HHScreenshot  IMG_4995

  My game is about a pair of ghost hunting twins named Becca and Casper Radley. Their producer has informed them that they must raise the funds for their next season on their own. Becca hatches a plot to convince rich couple Nigel and Mira Blackwood that their house is haunted so that they will sell it for an affordable price. Once Becca has purchased the house, she intends to “debunk” the haunting and resell it for the full cost. For unknown reasons, the Blackwoods must move out in exactly one week, and so the twins have seven days to scare them into belief.

  This game plays in two different sections. At night, Casper places scary traps and triggers them at the correct intervals to scare the Blackwoods before he is discovered by them. During the day, Becca talks to the residents of the town, performing tasks (mini-games and puzzles) to convince them to tell her more about the history of the Blackwood Mansion.

In the portion of the game which I programmed this term, Becca speaks with the residents of the mansion in order to establish her cover as a ghost hunter. In order to investigate the house fully she must gain access to the basement, and to do so she distracts the maid Emily with a leaking pipe. She can also gain Emily’s assistance by admitting that she is running a con scheme. These actions introduce the player to the fact that they will need to solve puzzles in order to convince people to work with them, as well as the fact that the tone of their interaction will have consequences.

At the beginning of night sections, the player (as Becca) will be able to tell Casper what facts about the “ghost” she has learned during the day, and he can use these bits of information to craft a more believable haunting.

Ideally, the dialogue in the game would have basic choices and question trees, so that the player can pursue the lines of inquiry that are relevant to the approach they are taking to the haunting. In this build of the game that is not developed, so I’ve tried to distill the dialogue down to what is important for completing the level.

  The McGuffin in the game is probably the house. The house has a worth to it for the Radleys – in that it will allow them to achieve their end goal of continuing their show. Additionally, it is uncovered over the course of the game that the house is a centerpiece for several occult happenings in the town – a demon summoning, a murder, and a bank robber being killed to name a few. Not only is the mansion the pursued item, it is also in the end the cause of all the weirdness which Becca is channeling as she creates her ghost.


  Primarily, the abstraction was on the artistic front. The characters have simplified design so that they can be drawn easily. Most of the expressiveness is seen in the dialogue sprites, which also have a few poses and rely primarily on facial expression to convey opinion.

I also abstracted the backgrounds, and the relationship between characters and backgrounds. The scenery has a smudged look, all of the colors blending in to each other. All of the characters who are a part of the town also have this appearance to them to a certain degree, aside from the Radleys. This – along with the fact that the Radleys use different sections of the color palette I composed for the scene than the other characters do – showcases that they are intruding onto the small town space.

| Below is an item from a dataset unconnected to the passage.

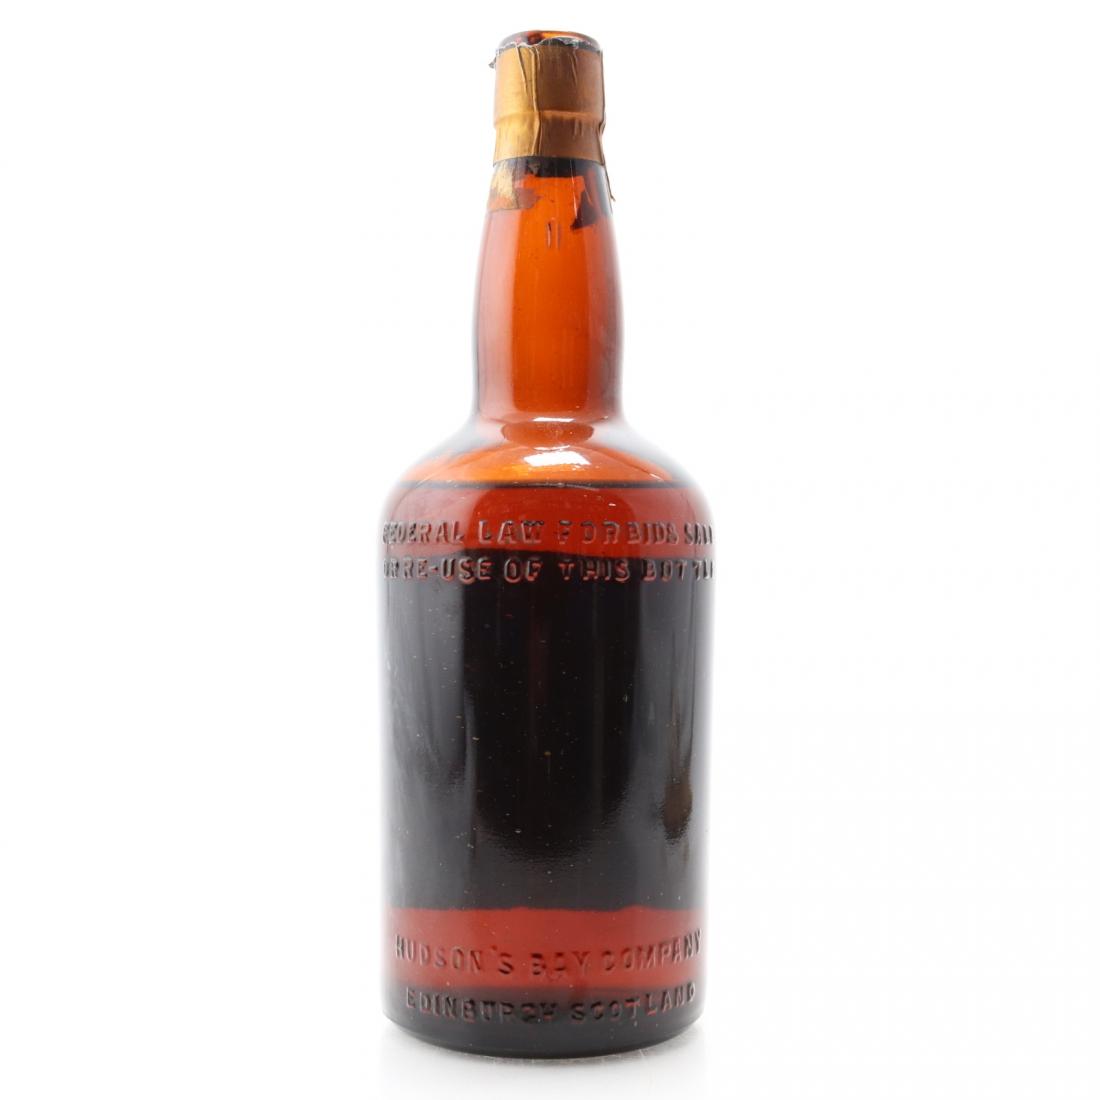 Hudson's Bay '1670' Brand 15 Year Old Scotch circa 1960s

The blending also created a sense of otherworldliness. This mansion is supposed to be “haunted”, and by blurring the lines it becomes more difficult to distinguish reality in the house. By creating this atmosphere, and throwing in some strange happenings, the player begins to wonder if they are the only ghost in the mansion.

Truthfully, a lot of the design choices I made were due to the limitations of my own artistic ability. In a way, though, not being able to do detailed lineart helped me.


  The positive feedback loop is in the “belief” system of the game. Unlocking levels of belief unlocks dialogue options which can add effects to Casper’s hauntings. These would make it easier to win the game.

The negative feedback loop is also based around the belief system of the game. As the player builds up belief with The Blackwoods, they also build up belief with the priest Father Jacobson. While The Blackwoods are more talkative the more they become convinced of the haunting, Jacobson becomes more wary. As being caught results in a game over, this means that though successes become more rewarding as the game goes on mistakes are more costly as well.

Because of the loops of belief, a player can unlock different facets of the haunting at different points in the main storyline. If they focus on making Father Jacobson believe (which is required to get the most positive ending, in addition to being something which increases the difficulty of the game), but not on The Blackwoods then the game becomes more difficult but also reveals things about his story earlier on. This gives that player, who knows about his story on say day 4, a different perspective on the things he does than someone who focuses on The Blackwoods and never learns his motives.

Through these mechanics a player defines their own experiences. They can make the story more of a challenge for themselves by picking less beneficial dialogue options and creating a more hostile haunting environment, which will teach them different and perhaps enlightening things. Or, they can make the story easier, which also unlocks facets of the story.

  I drew a bit from Garden of the Forking Paths with my ideas for the order of events things could occur in. In Garden, the protagonist muses on multiple realities where the characters had developed different relationships. Because of this, I wanted to experiment with how Becca’s relationships with characters interacted her relationships with other characters. In real life, a person’s current relationships affect their development of new relationships, and so I want to play with the idea that developing her interactions with for example The Blackwoods would also affect her relationship with the other townspeople.  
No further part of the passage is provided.